2024-03-21: Surveying Recent Work on Measuring Web Archiving and Replay Performance

 

Figure 1: Six articles and the type of web archiving and replay performance metrics that they included in their work.

For the Game Walkthroughs and Web Archiving project, we have created web archiving livestreams (example livestream) that use tools to measure the performance of web archiving and replay systems, so that we can see which crawler had better performance during the livestream. In this post, we categorize and survey six related works that include performance metrics related to web archiving and replay quality (Figure 1). The four categories shown in Figure 1 are archivability, completeness, visual correspondence, and interactional correspondence. Three of these categories, visual correspondence, completeness, and interactional correspondence, for measuring web archiving and replay performance are associated with Reyes Ayala’s grounded theory (Paper: "Correspondence as the primary measure of information quality for web archives: A human-centered grounded theory study"). 

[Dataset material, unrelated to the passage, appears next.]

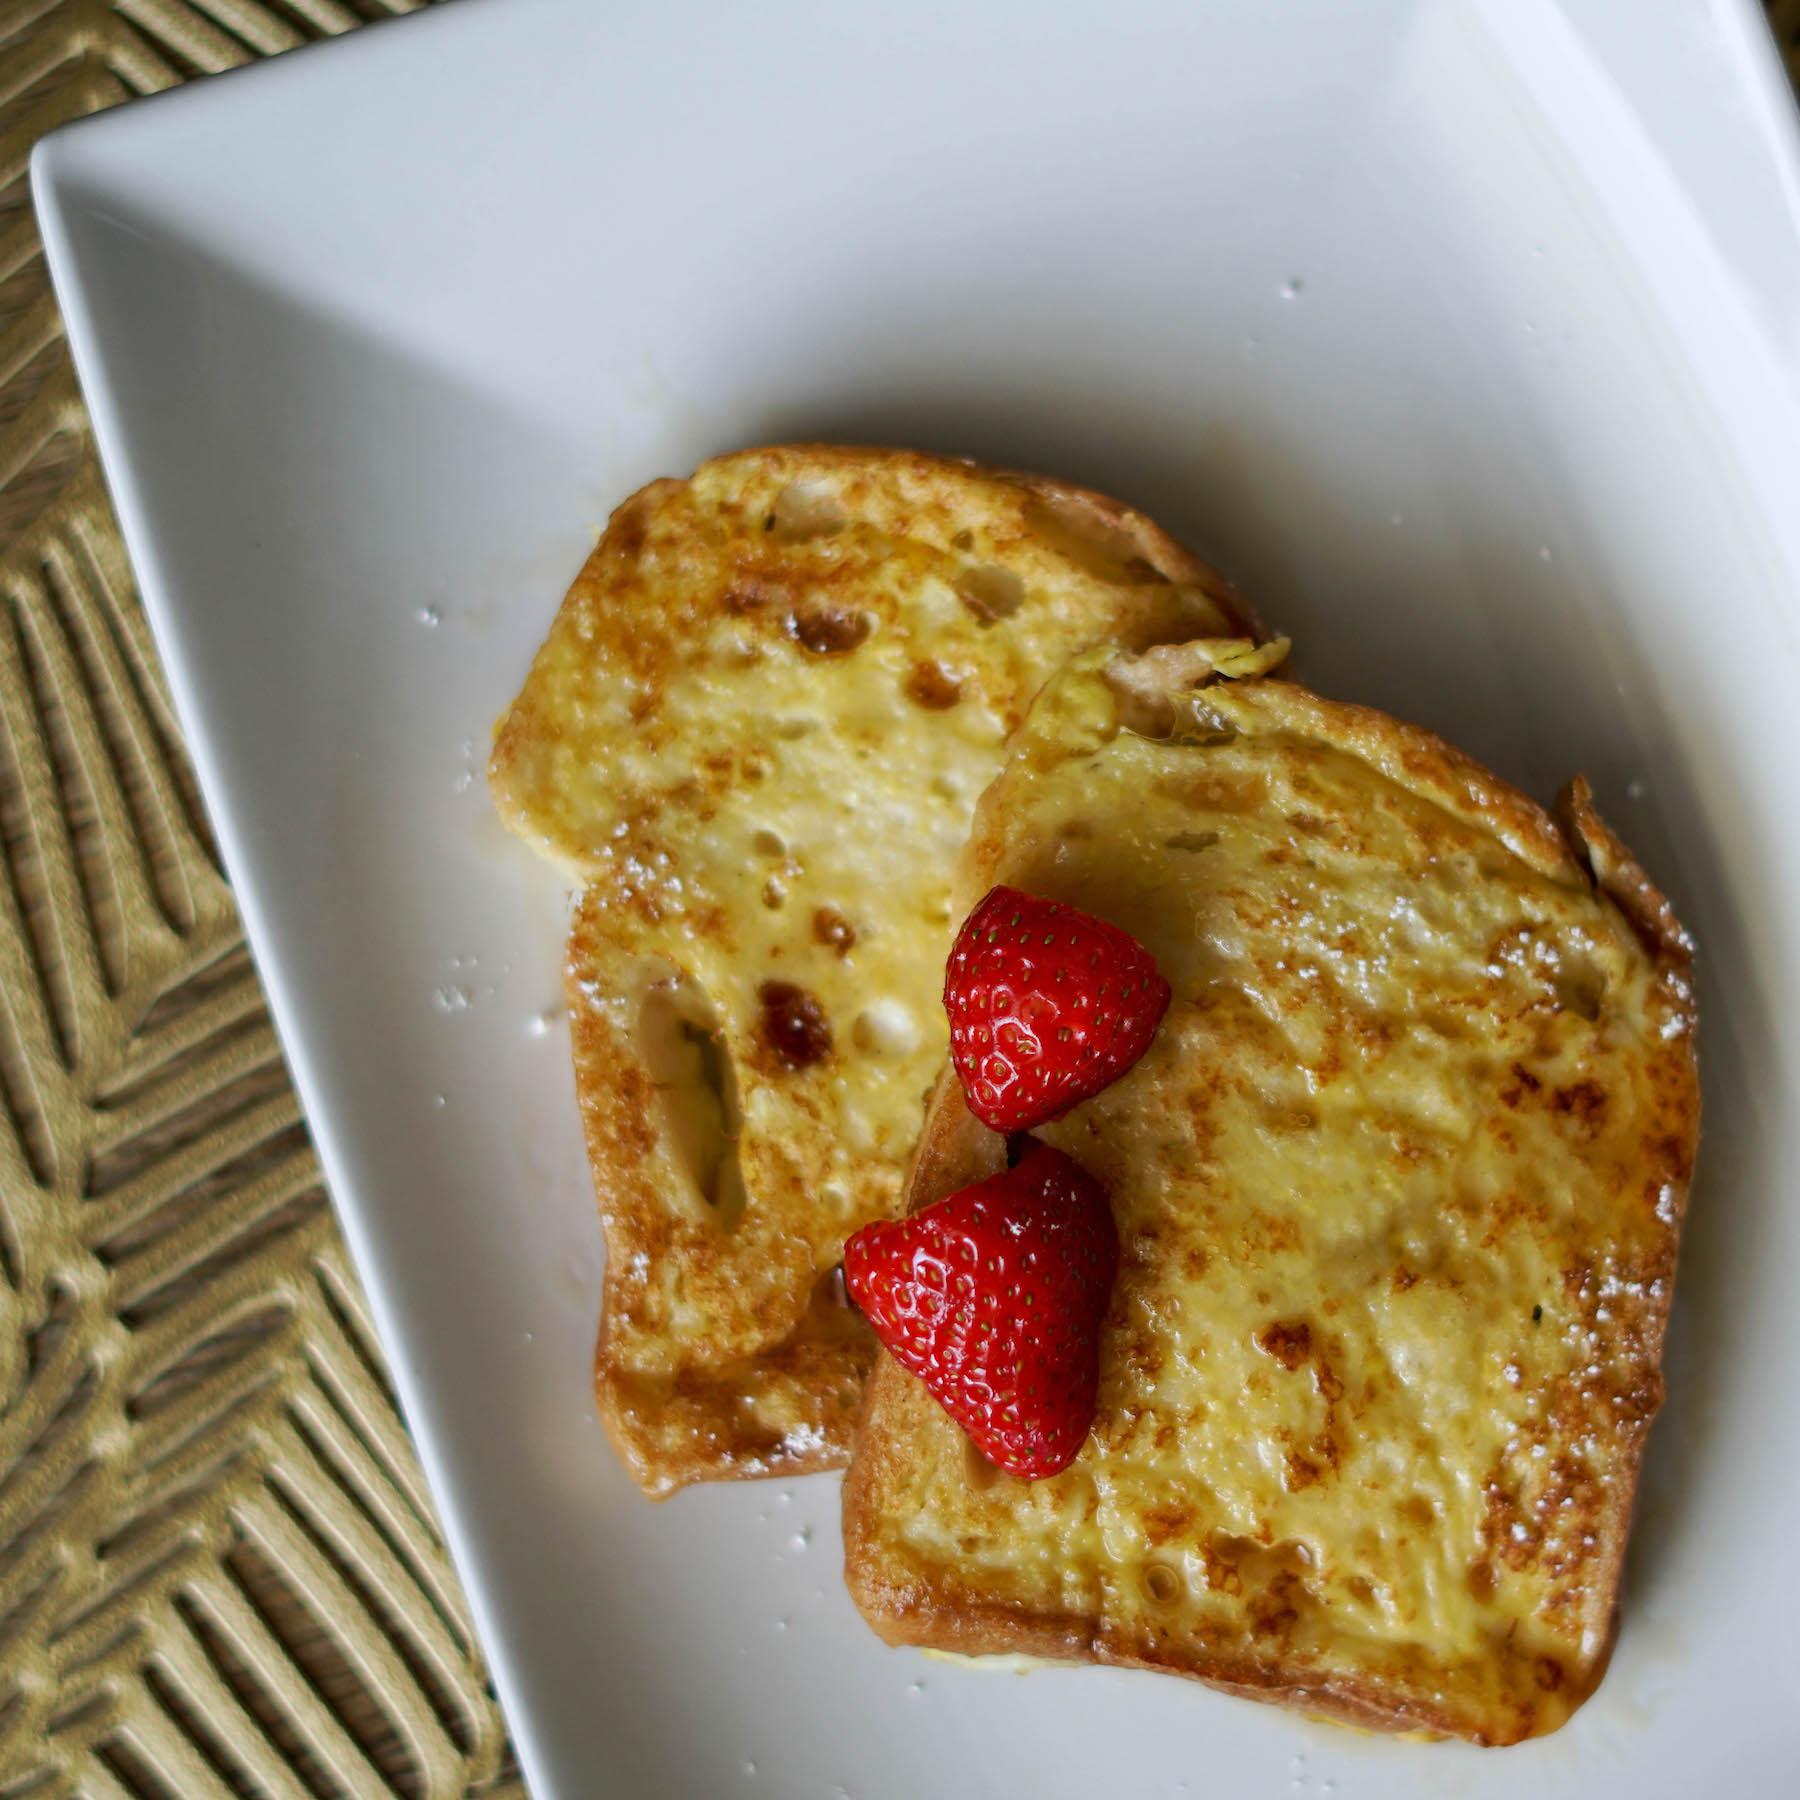 French toast rezept Glutenfrei suelovesnyc_susan_fengler_french_toast_rezept_glutenfrei

The other works in Figure 1 measured performance metrics to predict how difficult it will be to archive a web page (website archivability) or to assess the quality of replaying an already archived web page. One difference between these approaches is that the categories that measure replay quality usually do not have access to the live web page (e.g., the page on the live web and the page archived 10 years ago are out of sync) and this can make it difficult to determine the importance of the missing resources.

Website Archivability

Website archivability is associated with the difficulty of archiving a website. Banos and Manolopoulos created the Credible Live Evaluation of Archive Readiness Plus (CLEAR+) method to measure the archivability of a website ("A quantitative approach to evaluate Website Archivability using the CLEAR+ method"). 


Banos and Manolopoulos used four facets to measure website archivability which are accessibility, standards compliance, cohesion, and metadata. For accessibility, they checked if the web content can be retrieved by the web archive crawler and how quickly the crawler could archive the website’s resources. For standards compliance, they used known standards for file and code validation, checked for files that did not use an open standard, and looked for certain HTTP headers. The file and code validation tools were used to see if there are any issues with the resources on the web page. HTTP headers were checked to get more information about web resources that will be archived. For cohesion, they checked how many resources were associated with an external service (a service not hosted on the same website). HTTP headers, markup, and HTML source code were checked for the metadata facet, because they can be used to get more information about the resources being archived.

ArchiveReady.com is the reference implementation of the CLEAR+ method. Figure 2 shows ArchiveReady.com being used to get the Website Archivability rating for https://www.odu.edu/. The overall rating for the website is 72%, and details are provided for each of the other facets.  The accessibility rating is 59% and the warnings were for 15 invalid links, six inline <script> elements, a network response time larger than 200ms, and that the robots.txt file includes Disallow commands. The cohesion rating is 49% and the warnings were for five remote CSS files, six remote scripts, and one remote HTML5 video. The metadata rating is 100% with no warning messages. Finally, the standards compliance rating is 78% with warning messages for seven CSS files with errors (checked by W3’s CSS validator), one HTML document (https://www.odu.edu/) with errors (checked by W3’s HTML validator), and five images that could not be checked with JHOVE.




Visual Correspondence

Visual correspondence is the similarity of appearance between the archived web page and the live web page. Figure 3 is an example of an archived web page that has high visual correspondence, where the archived web page almost looks the same as the original web page. An example of low visual correspondence is shown in Figure 4, where none of the visual content is loaded during replay.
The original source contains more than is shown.